- Born: 1786 or 1788 Amherst County, Virginia
- Died: April 25, 1856 (aged 70–72) near Clarksville, Red River County, Texas
- Resting place: Private family plot off US 82 west of Clarksville, Texas

= William Becknell =

19th-century American soldier, politician, and freight operator

William Becknell (1787 or 1788 – April 25, 1856) was an American soldier, politician, and freight operator who is credited by Americans with opening the Santa Fe Trail in 1821. He found a trail for part of the route that was wide enough for wagon trains and draft teams, making it easier for traders and emigrants along this route to use.
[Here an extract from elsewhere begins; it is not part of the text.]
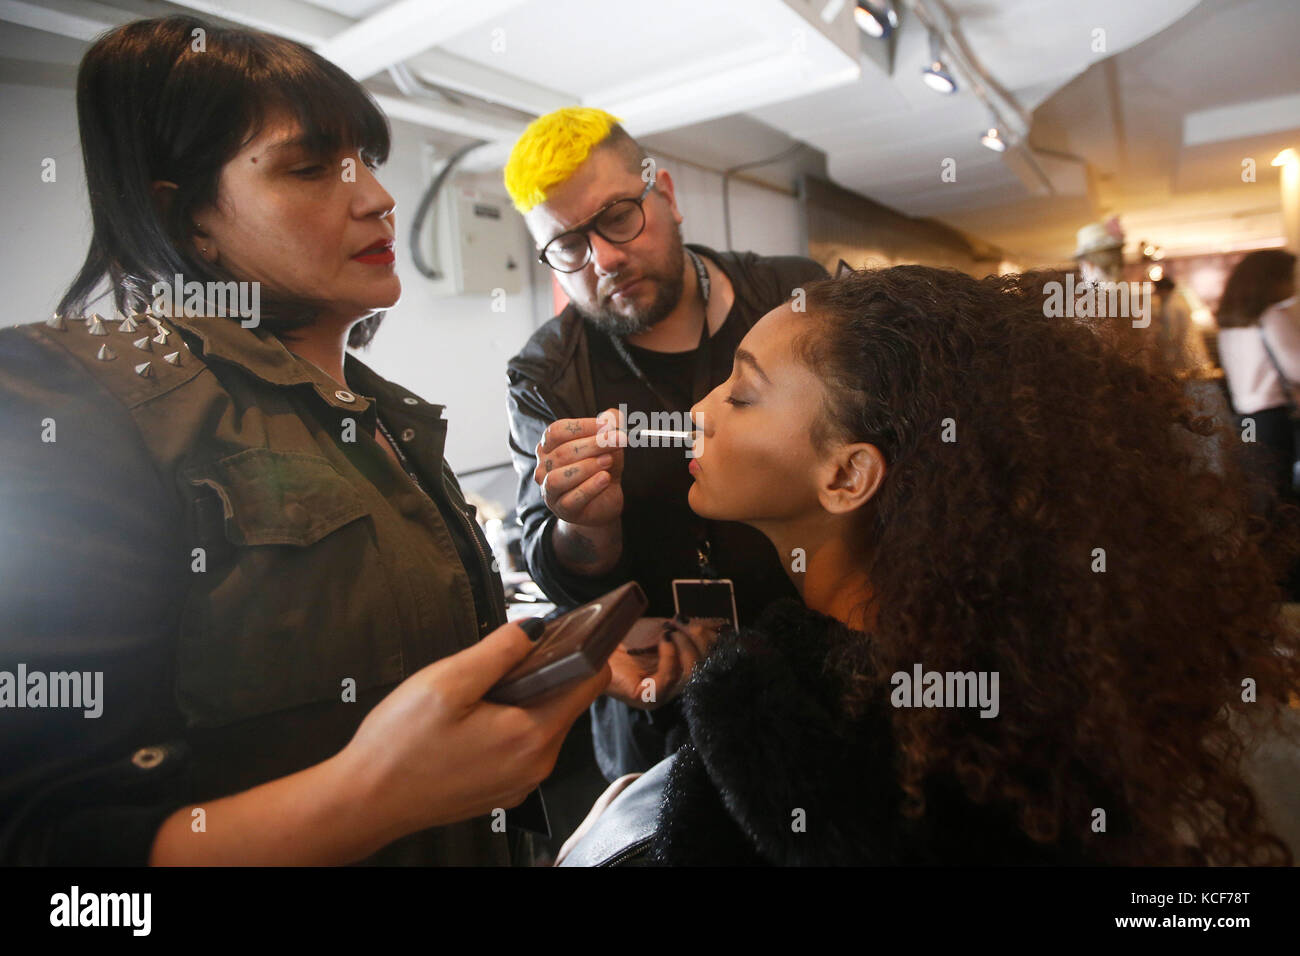 Santiago, Chile. 05 Okt, 2017. Make-up Künstler ein Modell vor einer Fashion Show vorbereiten, während Stockbild

The Santa Fe Trail became an early major transportation route through central North America that connected Franklin, Missouri with Santa Fe, New Mexico. It served both traders and emigrant parties, becoming a vital commercial highway from the 1820s until 1880, when the railroad was introduced to Santa Fe. Becknell made use of long-established trails that traders, Native Americans, and Spanish and French colonial explorers made centuries before his trip.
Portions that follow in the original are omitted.